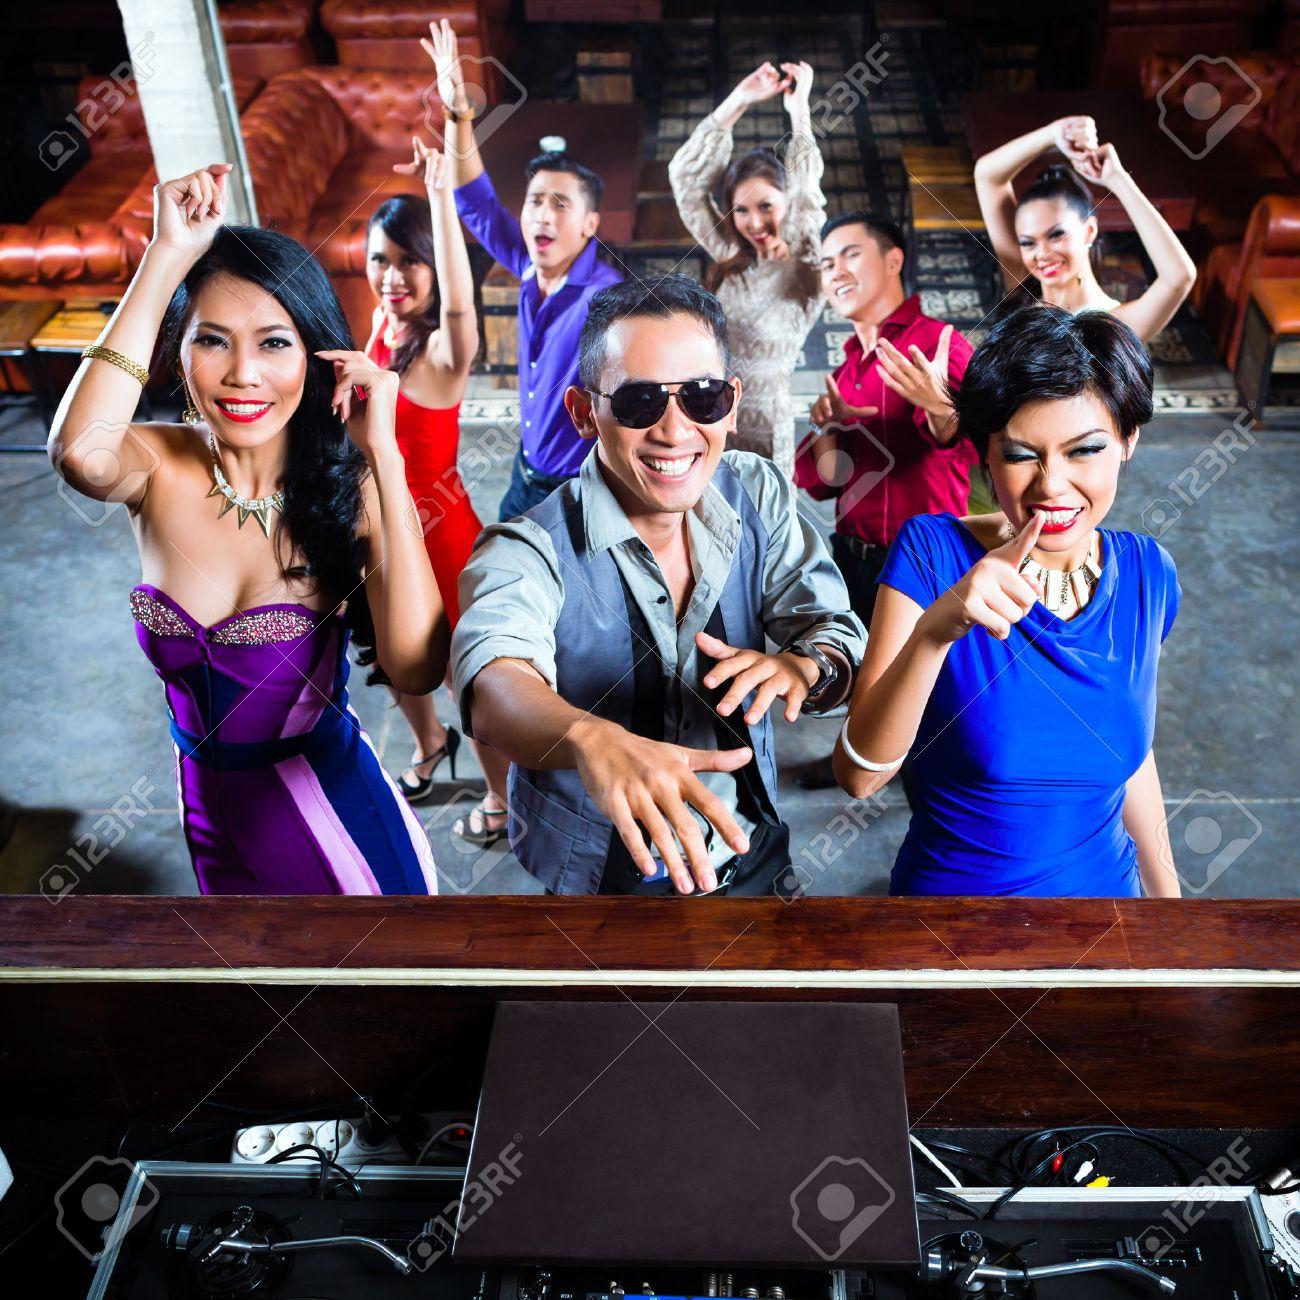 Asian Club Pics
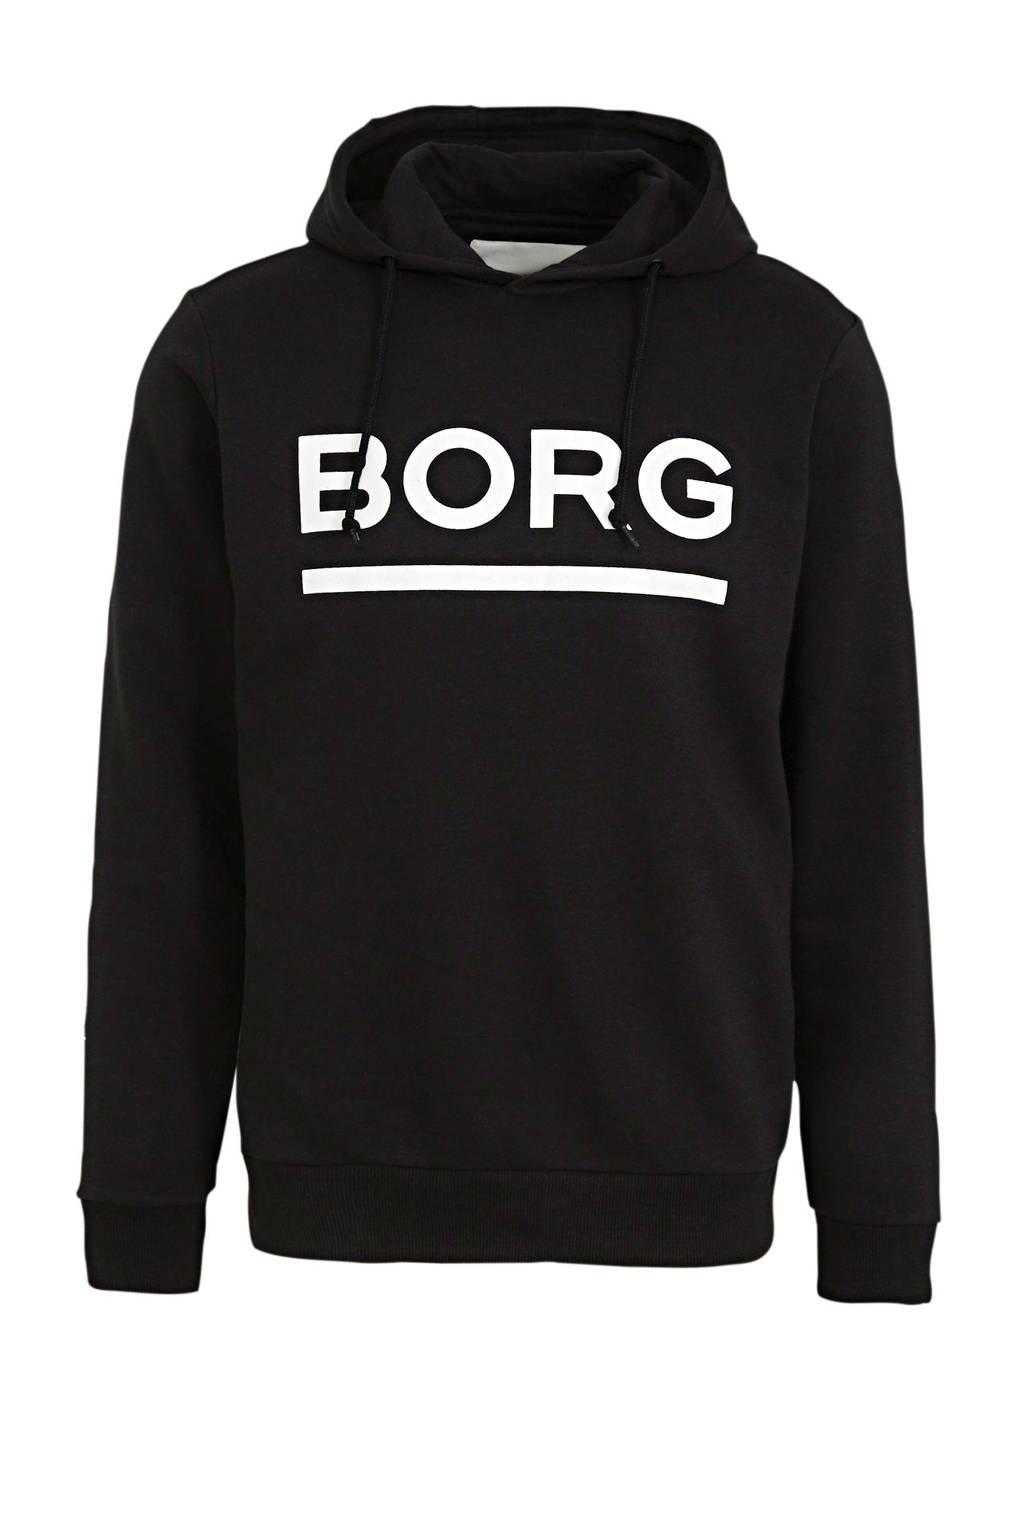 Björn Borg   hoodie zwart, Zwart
- - - - - - -
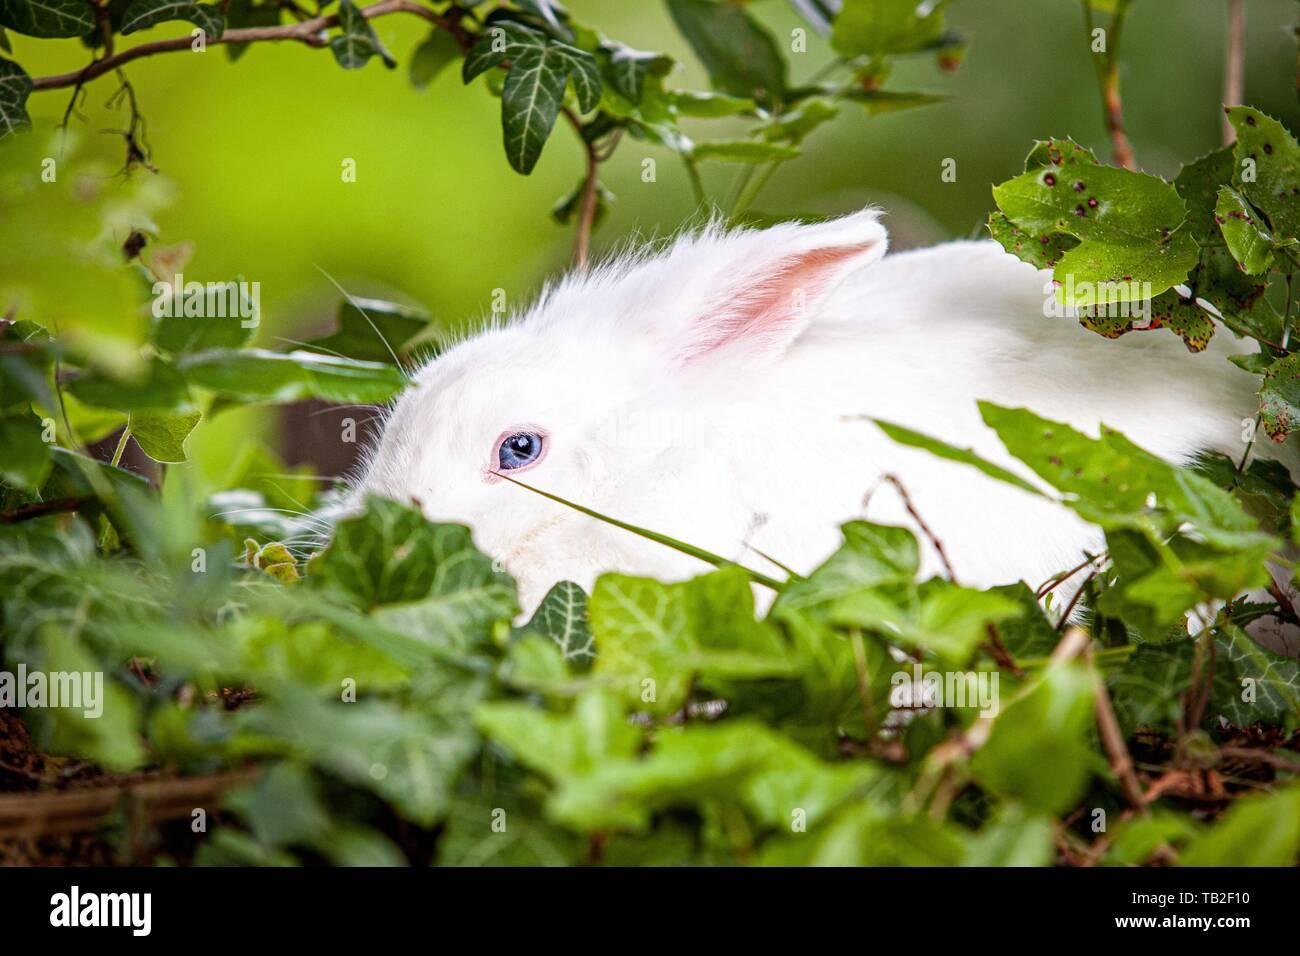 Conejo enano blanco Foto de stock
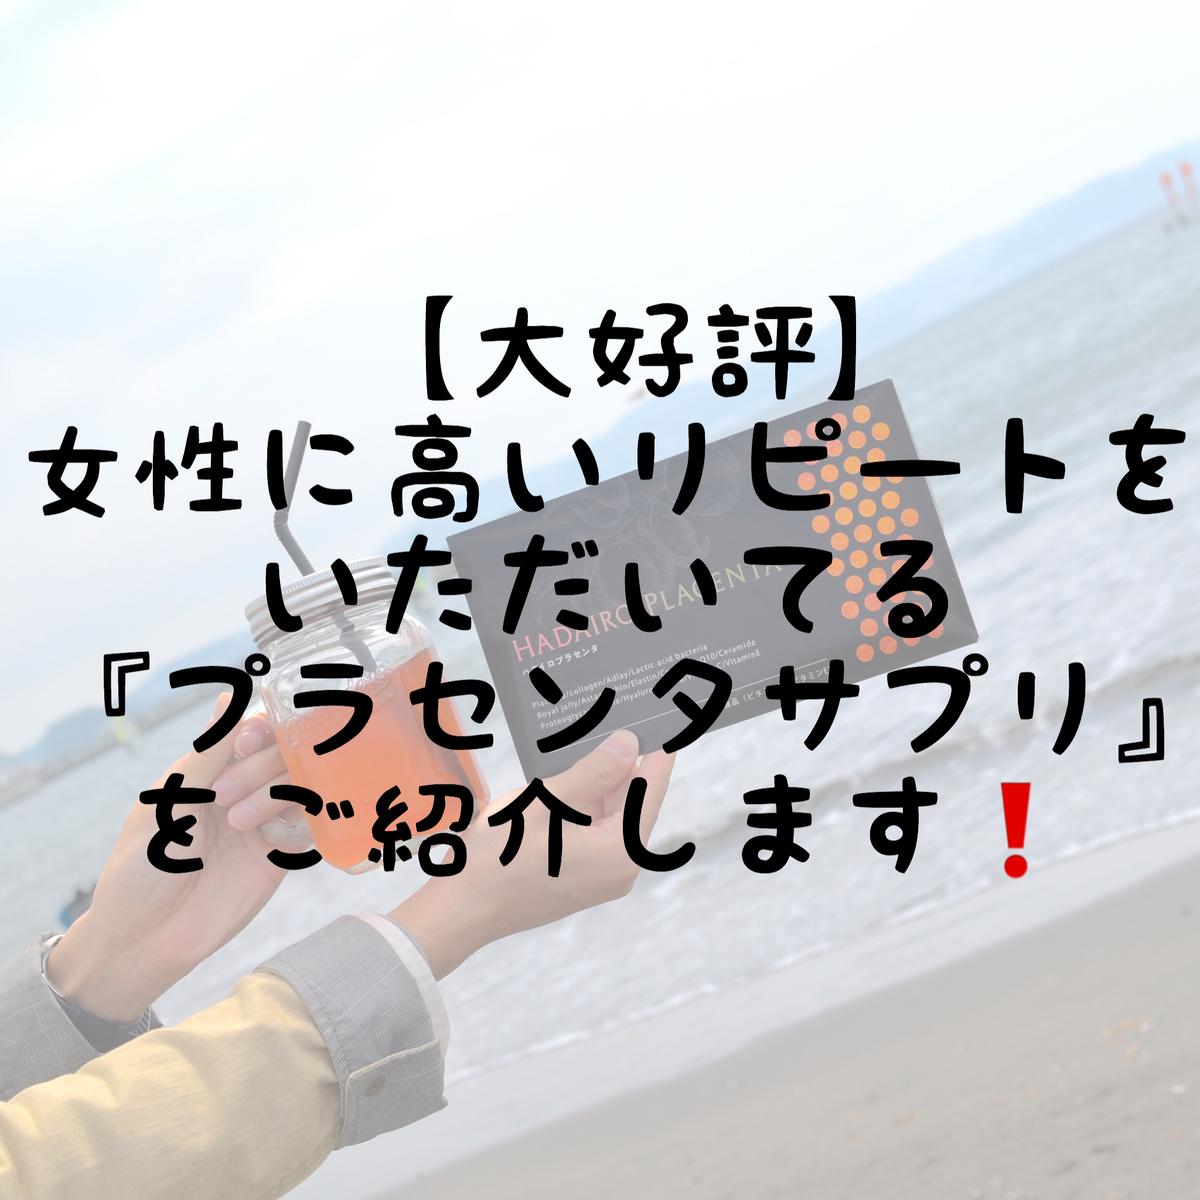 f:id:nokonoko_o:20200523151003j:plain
- - - - - - -
### Problem requirements
From the material above, reproduce only what runs from the line holding "Conejo enano blanco Foto de stock" down to the line holding "f:id:nokonoko_o:20200523151003j:plain", both included, pictures excluded.

### Response
 Conejo enano blanco Foto de stock
 f:id:nokonoko_o:20200523151003j:plain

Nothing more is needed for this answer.